__Exercise inputs__
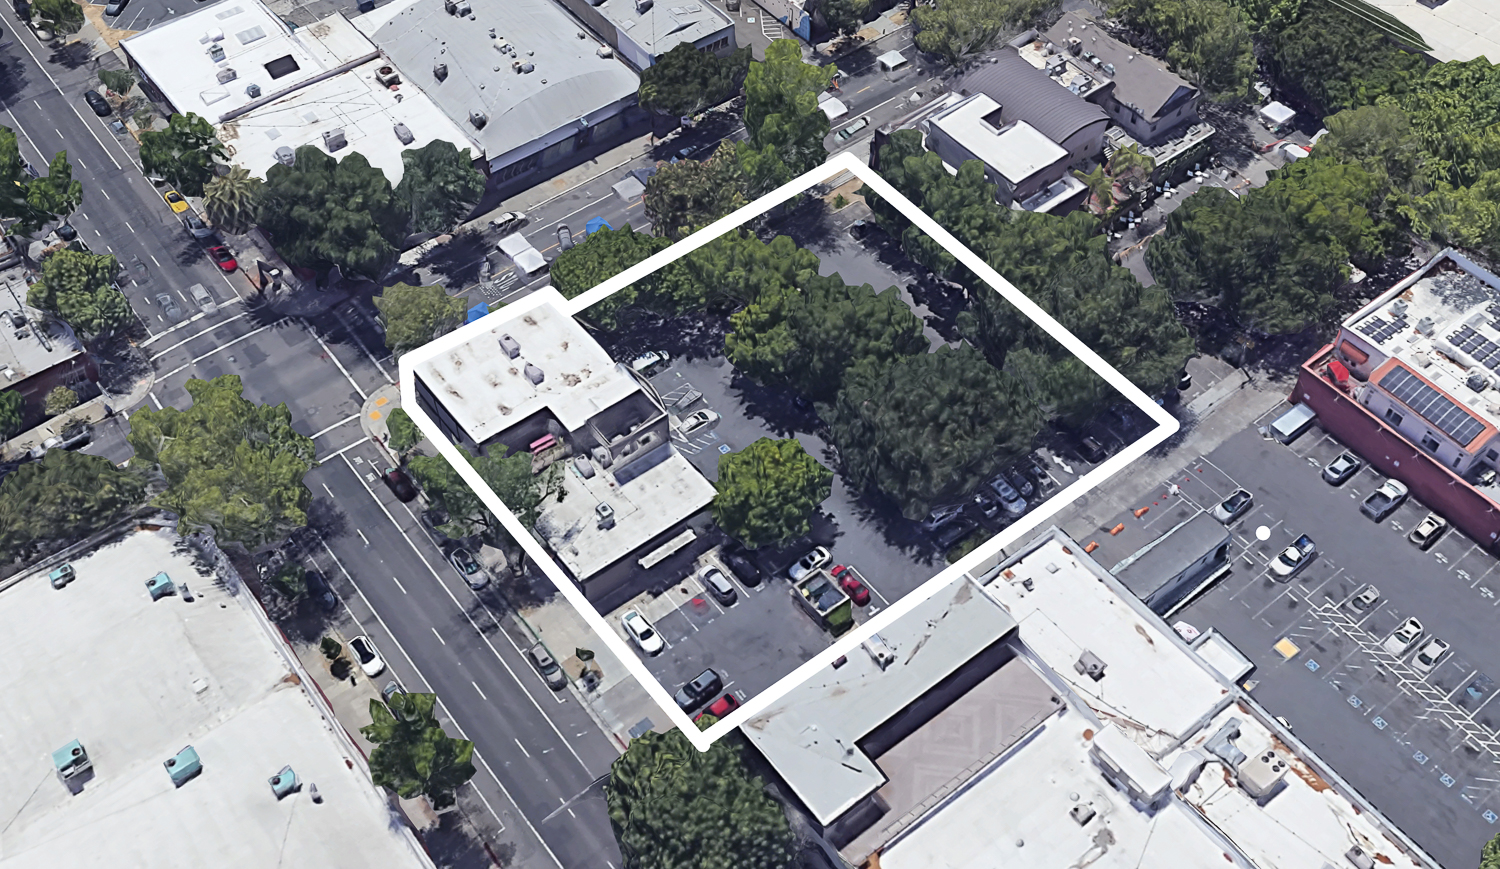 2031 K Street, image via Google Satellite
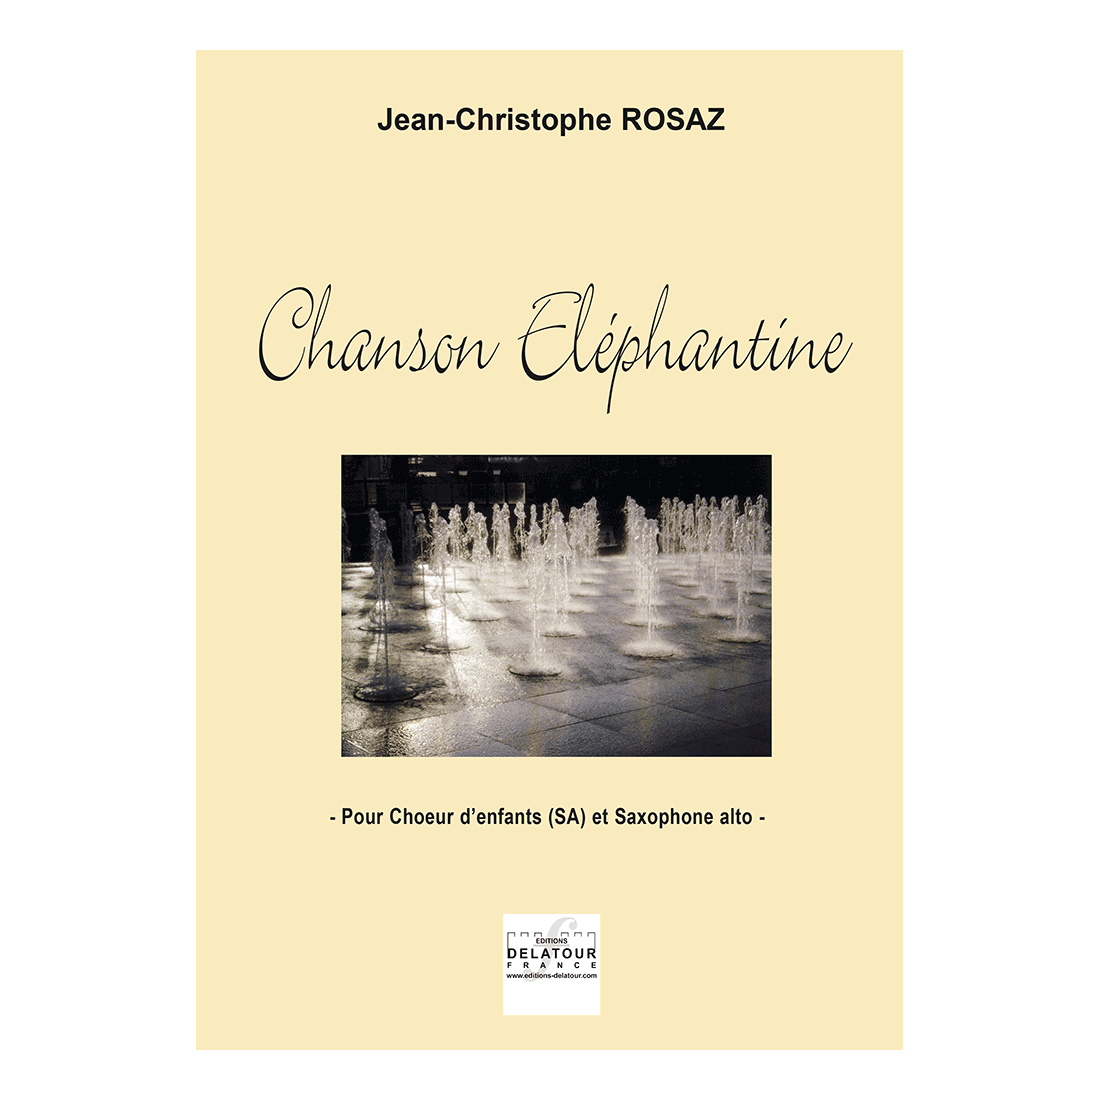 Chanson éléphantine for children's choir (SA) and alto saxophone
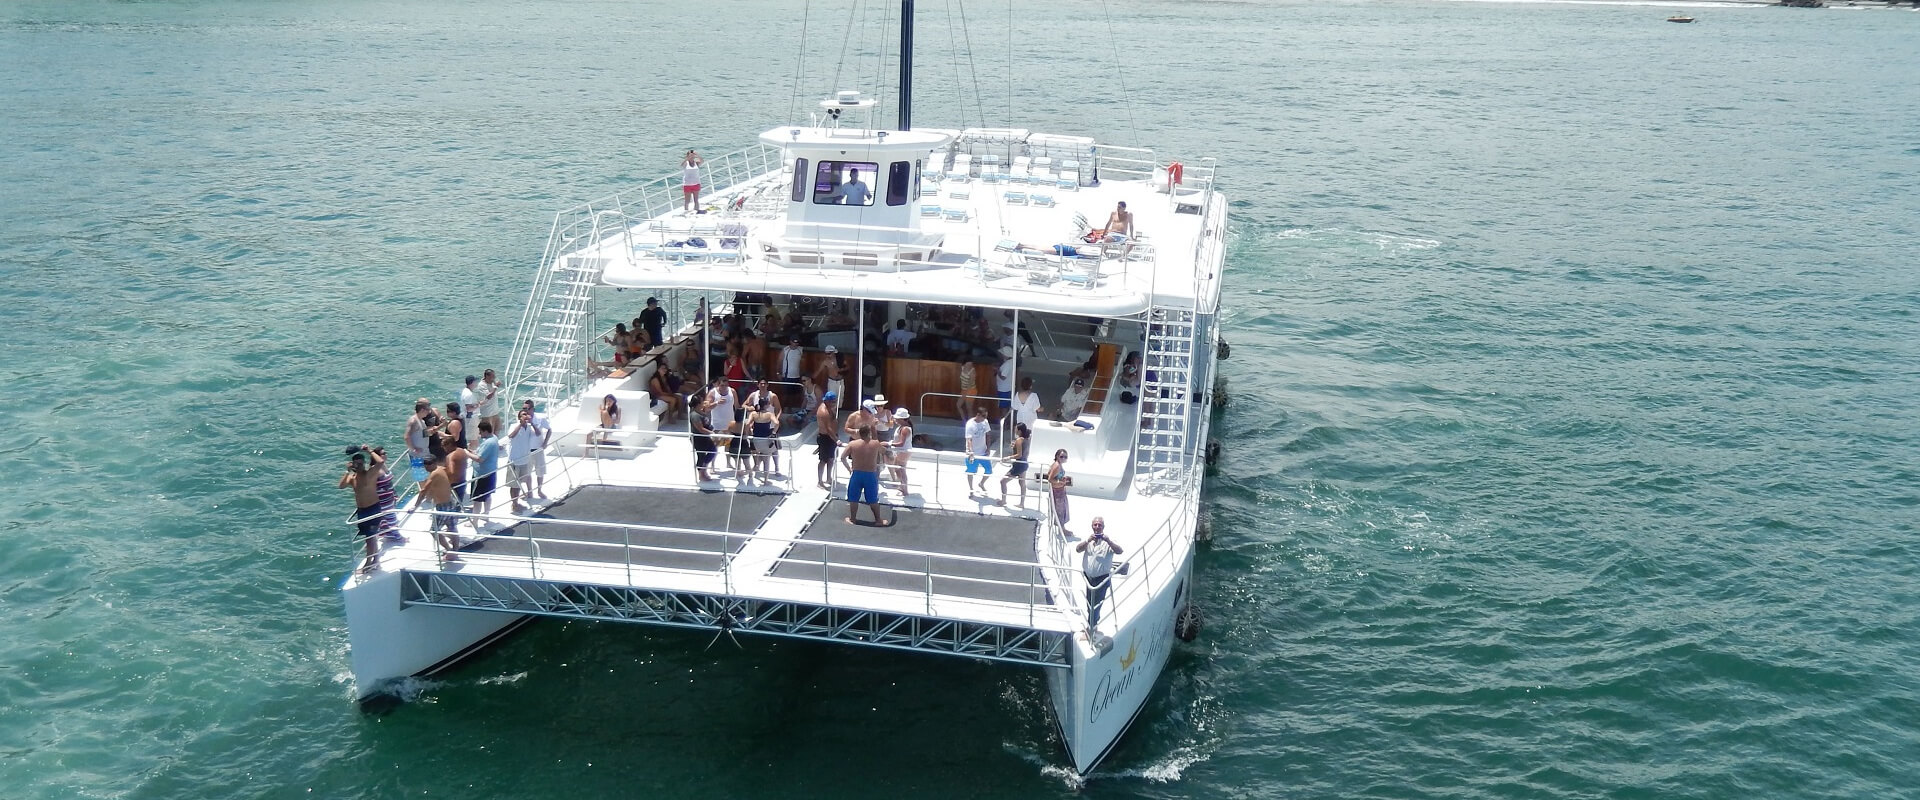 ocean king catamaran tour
--
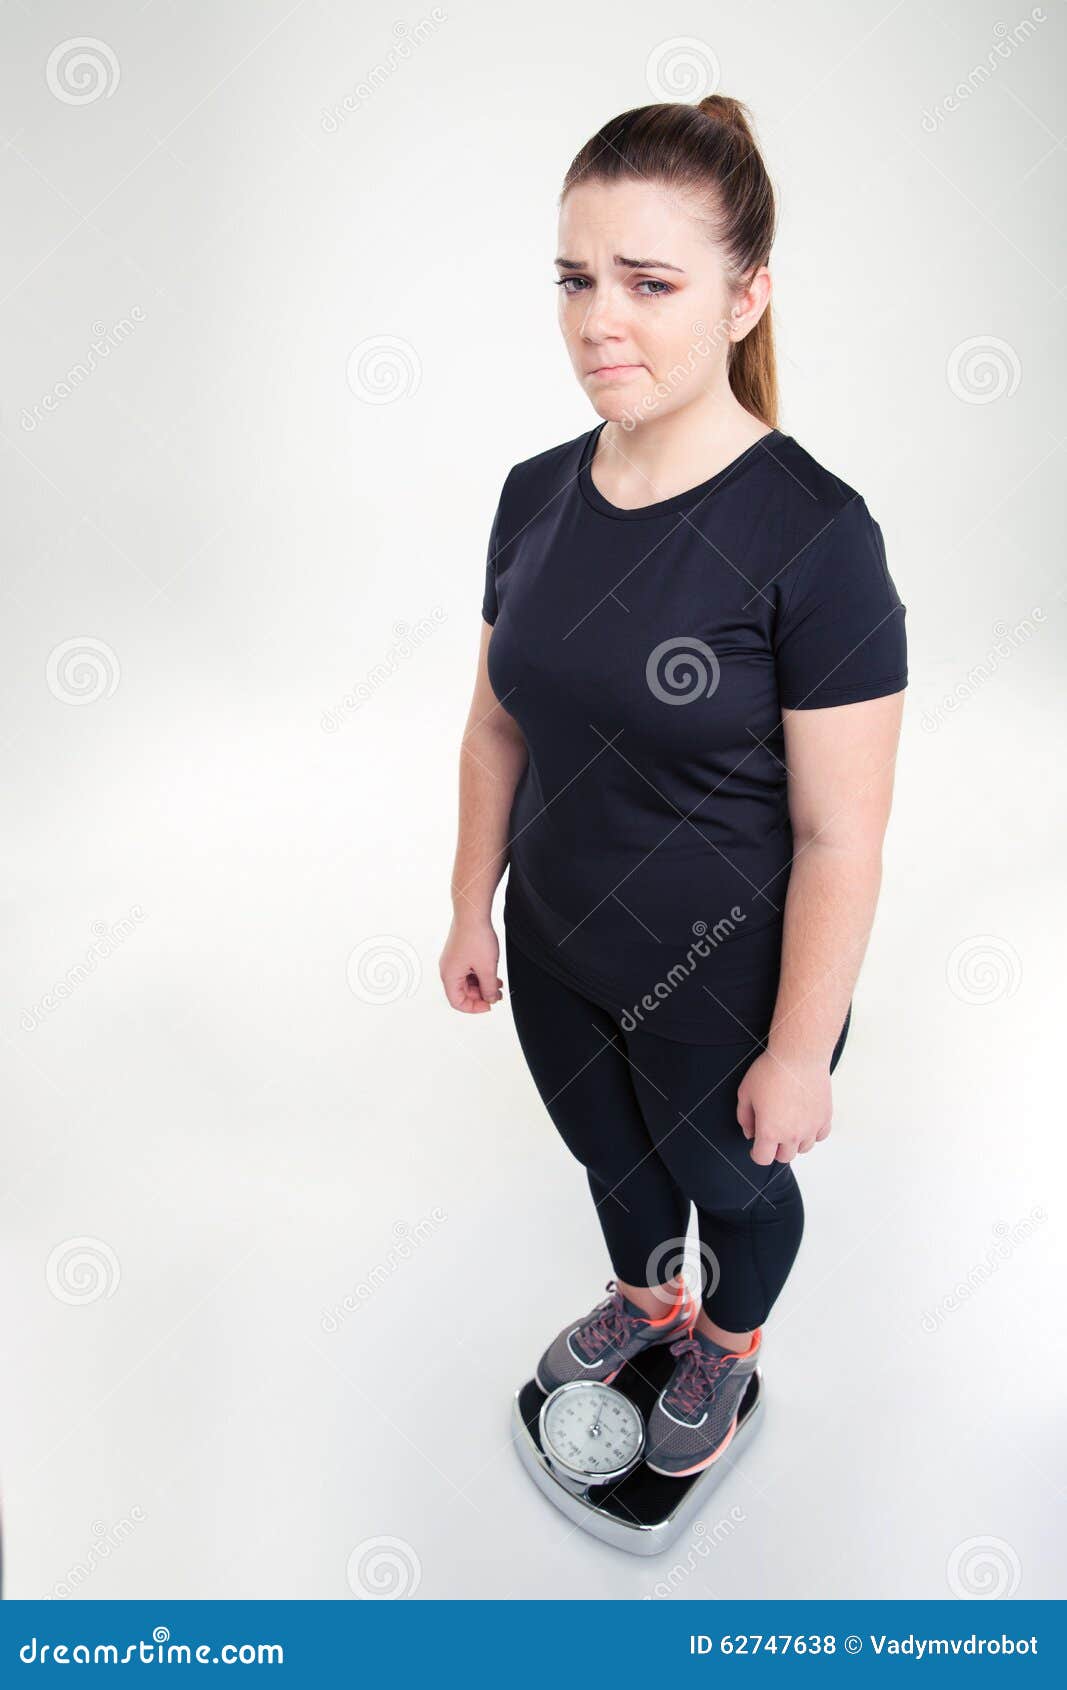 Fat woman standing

__What you need to do__
Leaving out all pictures, set down exactly the lines of the material above, from the line with "2031 K Street, image via Google Satellite" to the line with "ocean king catamaran tour" inclusive, and no others.

__Solution to the exercise__
 2031 K Street, image via Google Satellite
 Chanson éléphantine for children's choir (SA) and alto saxophone
 ocean king catamaran tour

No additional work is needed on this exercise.